Pamela Dubos, the chairman of the English department at nearby Bethel Park High School, spent a day here this summer observing this district’s new portfolio-assessment program.

Like a rapidly growing number of schools around the nation, Ms. Dubos said, hers is considering using portfolios as a way of measuring student performance in writing. She wanted an inside look at Pittsburgh’s program, which is further along than most.

“I’m impressed with the amount of resources the Pittsburgh school district put into it, as well as the amount of careful thought,’' she said. “That’s amazing. Some things are implemented in education without careful thought.’'

But Ms. Dubos, who came here during a week when more than two dozen teachers and supervisors were scoring a sample of the portfolios for the district, did not simply see how the process worked. She was part of the process itself, and her observations could help determine if portfolios become part of the assessment repertoire nationally.

Ms. Dubos was one of 20 educators and community officials who were overseeing the portfolio evaluation to ensure that it was done honestly and credibly.

If the “audit team’’ is satisfied with the process--and members expressed strong support for it--it will issue a report to the superintendent verifying the teachers’ results. The results will then be reported to the public as the first districtwide measure of writing performance using the new form of assessment.

The audit team was included in the process to test the notion that portfolios can serve as accountability measures as well as teaching tools, according to Paul G. LeMahieu, the director of the division of research, evaluation, and test development for the Pittsburgh school district.

“The system we have evolved over a four-year period of time, we are absolutely convinced, has a good effect on classroom practice,’' Mr. LeMahieu said. “The question is whether we can get evidence from it to make a good-faith accounting to the public.’'

“I am optimistic at this point,’' he added. “But we don’t have all the questions answered.’'

Dennie Palmer Wolf, a senior research associate at Harvard University’s graduate school of education, said Pittsburgh’s use of an audit system is a “good first step’’ to enable the district to use the new form of assessment as researchers here and elsewhere iron out the rough spots in the technology.
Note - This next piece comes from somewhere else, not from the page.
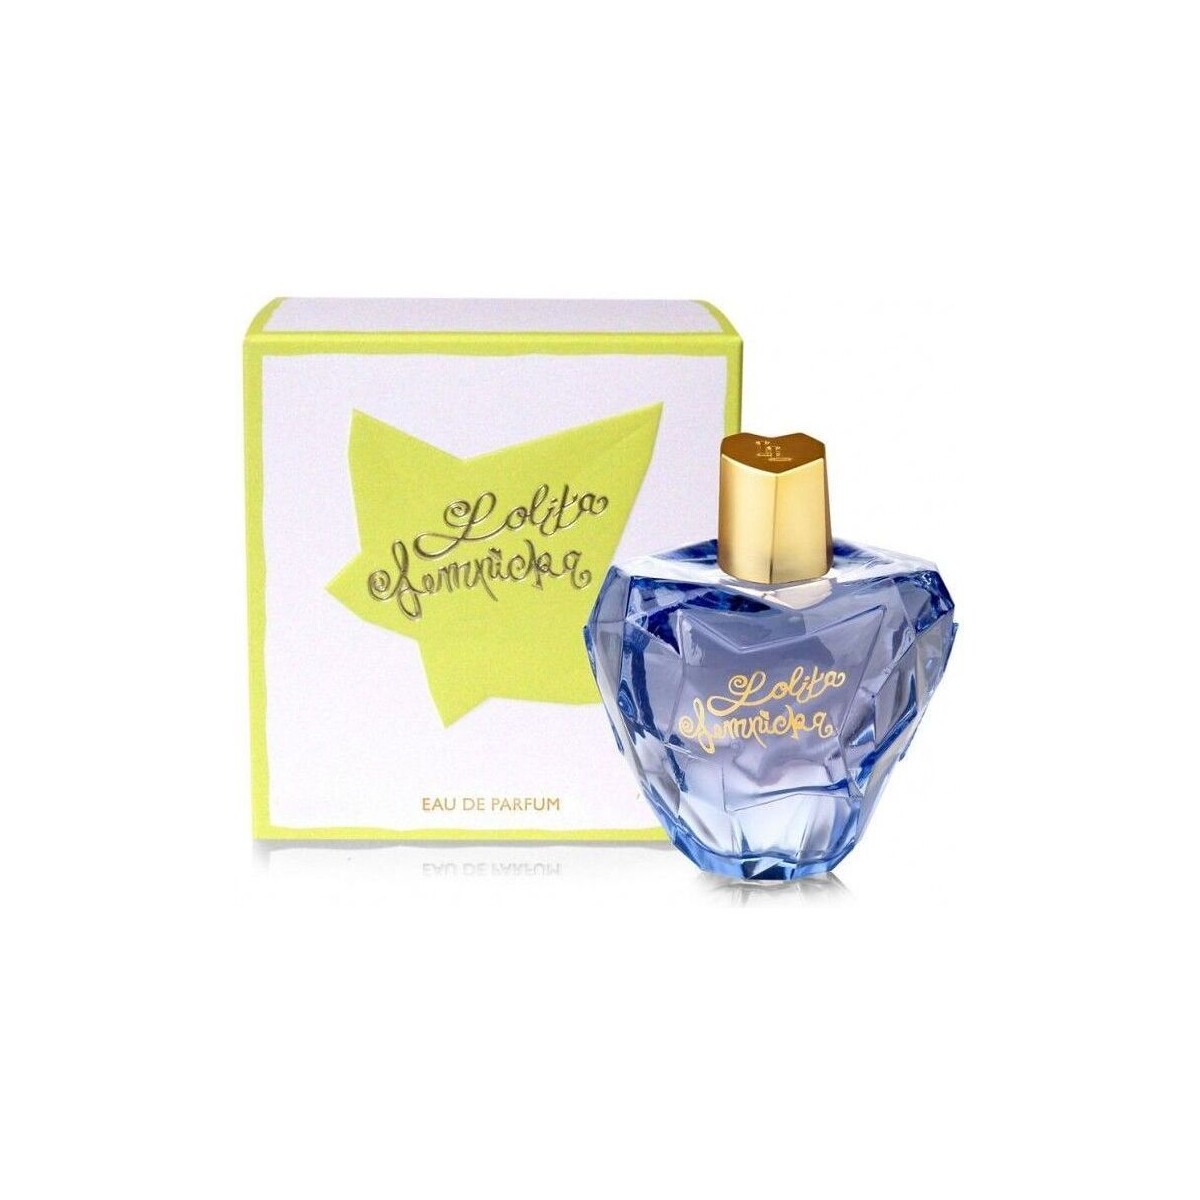 beleza Mulher Eau de parfum  Lolita Lempicka - perfume - 100ml - vaporizador Lolita Lempicka  - perfume - 100ml - spray

“This is not the end of the world,’' Ms. Wolf said. “What we’ve got here is, how to go on being accountable to the public as they figure out these things.’'

A Bold Step

Portfolio assessment, in which students are evaluated on the basis of work they complete as part of their classroom instruction, has rapidly emerged as a promising alternative to standardized tests as a way of measuring student achievement.

Vermont, for example, this year became the first state to use portfolios as part of its statewide assessment system. The state assessed 4th and 8th graders in mathematics and writing using portfolios, although several districts did not take part in the math assessment. <(See Education Week, May 20, 1992.)

And the National Assessment of Educational Progress in April released the results of a special study that tested the feasibility of conducting a national assessment of students’ in-class writing. (See Education Week, April 22, 1992.)

Here in Pittsburgh, the effort to use portfolios to gauge student performance began in 1987, when the district teamed up with researchers from Harvard and the Educational Testing Service to develop an unusual system for assessing performance in writing, visual arts, and music classrooms. Funded by the Rockefeller Foundation, the project, known as Arts PROPEL, allowed teachers to monitor student performance over the course of a year by evaluating students’ work and their reflections about the work. (See Education Week, Nov. 16, 1988.)

Since then, the project, now known simply as PROPEL, has spread to mathematics and science classrooms as well.

Roberta Camp, a senior researcher at the E.T.S., said teachers in Pittsburgh took a bold step by suggesting that the district use the portfolios to report student achievement in writing.

“Teachers originally thought portfolios would stand alongside [California Achievement Test] scores,’' Ms. Camp said. “But when CAT scores became the lingua franca of how schools were doing, a lot of language-arts teachers pulled grammar books out of the closet, and stopped asking kids to be reflective about their writing.’'

Typical, Not Exceptional

After pilot-testing the assessment in the 1990-91 school year, the district put it in place over the past year.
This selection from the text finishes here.